No pics, just want to namecheck Jimmy Page (even if at times he does look alarmingly like Nigel Lawson), Jeff Beck and my favourite guitarist Mick Jones of the Clash (which leads vicariously on to Mick Ronson...)


----------



## distressed_romeo (May 2, 2007)

Threads like this always show that people on this board generally have kick-ass taste! I salute you all gentlemen!


----------



## rummy (May 2, 2007)




----------



## Bobby (May 2, 2007)

Yeah this guy made me want to take up the Instrument at a very young age.


Dimebag






Cannibal Corpse was the first death metal band I listened to. It was when I was 12 and in math class. The music scared the shit out of me. I think thats what got me into it.


Jack Owen






I was at a pawnshop when I picked up a cd of his. I have been hooked since.


Steve Vai






This guy really made me want to check out a 7 string. He made it sound amazing unlike all the nu-metal bands of yesterday.


Rusty Cooley


----------



## Universalis (May 2, 2007)

One above all:

Mike Stern.






Absolutely amazing. The only one who really means "something" to me.


----------



## distressed_romeo (May 2, 2007)

Here's part 2 of my list...

Eddie Van Halen






Alex Lifeson






Tim Bricheno






John Petrucci






Randy Rhoads






Shawn Lane


----------



## playstopause (May 2, 2007)

Part deux. (what a freakin' nice picture!)


----------



## distressed_romeo (May 2, 2007)

...And some more!

Brett Garsed






Jimmy Page






Stephan Forte






Chris DeGarmo






Nick Drake






Vito Bratta


----------



## playstopause (May 2, 2007)

Part trois : My man, Django
(another really nice pic imo)


----------



## Karl Hungus (May 2, 2007)




----------



## playstopause (May 2, 2007)

^





Man.... these are the longest loading pages ever! 
Heavy guitar heroes.


----------



## Ken (May 2, 2007)

Nick1 said:


> EVH



You couldn't find a better pic of EVH than that? That picture should be willed out of existence. 

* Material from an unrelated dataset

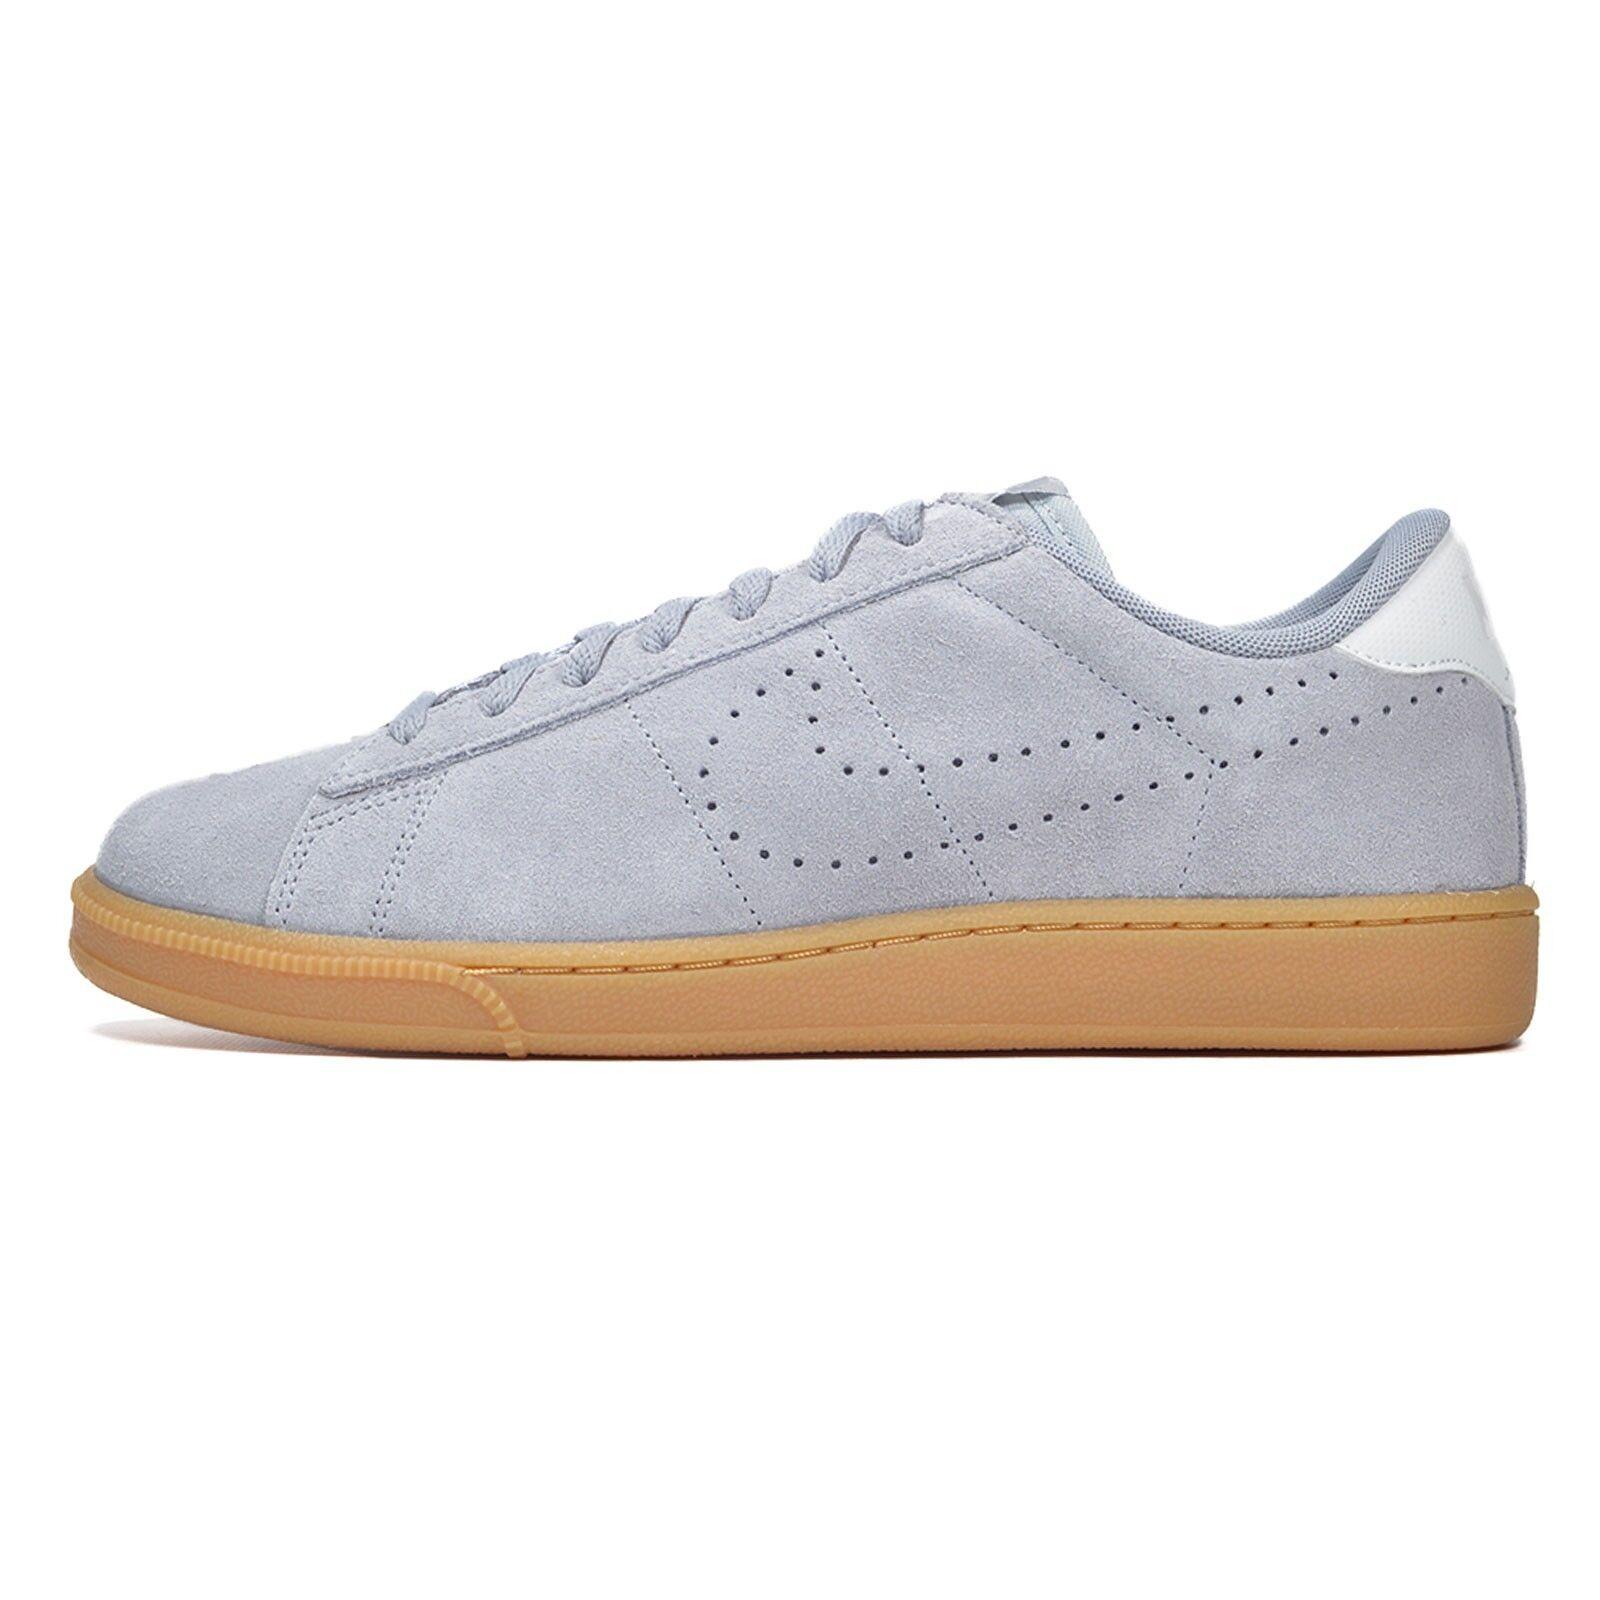 Nike Tennis Classic CS Suede Men's Athletic Sneakers 829351

Mine have already been listed here, for the most part. The only one I didn't see? The most refreshing talent I've heard in more than 10 years.


----------



## Alex-D33 (May 4, 2007)

Karl Hungus said:


>



 Spinaltap    
love there DVD


----------



## Alex-D33 (May 4, 2007)

The infamous Sweedish Bastard . very cool guy also .


----------



## -K4G- (May 4, 2007)

what no brian may? here are mine.


----------



## SeanC (May 4, 2007)

Most of my favorites has already been posted so I'll try to post some that havn't been posted already (at least I don't think they've been posted already)

Dave Mustaine





Alexi Laiho





Alex Skolnick





and damn these pages take a long ass time to load!


----------



## Sebastian (May 4, 2007)

Christian Olde Wolbers








*Jeff Hanneman*








Dino Cazares


----------



## Kakaka (May 5, 2007)

I'd recommend you guys to get blown away by what I call TONE(just let it play the song "The New Beginning":

www.myspace.com/threatsignal

The TOP DOGS of our present days: these guys have it all: feeling, weight, speed, exquisite technique, creative force. My personal favorite band:

Matt Heafy and Corey Beaulieu from Trivium, Matt is my age, so I guess he is a closest reference than the other ones 'cause they're all old and walked around a lot. (note they hadn't had any tatoo done yet):





The dudes from Threat Signal, brutal sound, highly skilled and with good taste for everything from voicing to mixing: pic attached


----------



## playstopause (May 5, 2007)

^

+1 Threat Signal rules.
If you do a search, you'll find a couple of threads regarding them.


----------



## Kakaka (May 5, 2007)

I know them for like three years or something but like their sound a lot.
It's funny to say it but I discovered these younger bands in a moment in which I started to think there was nothing else to be created in music, nothing new to be done.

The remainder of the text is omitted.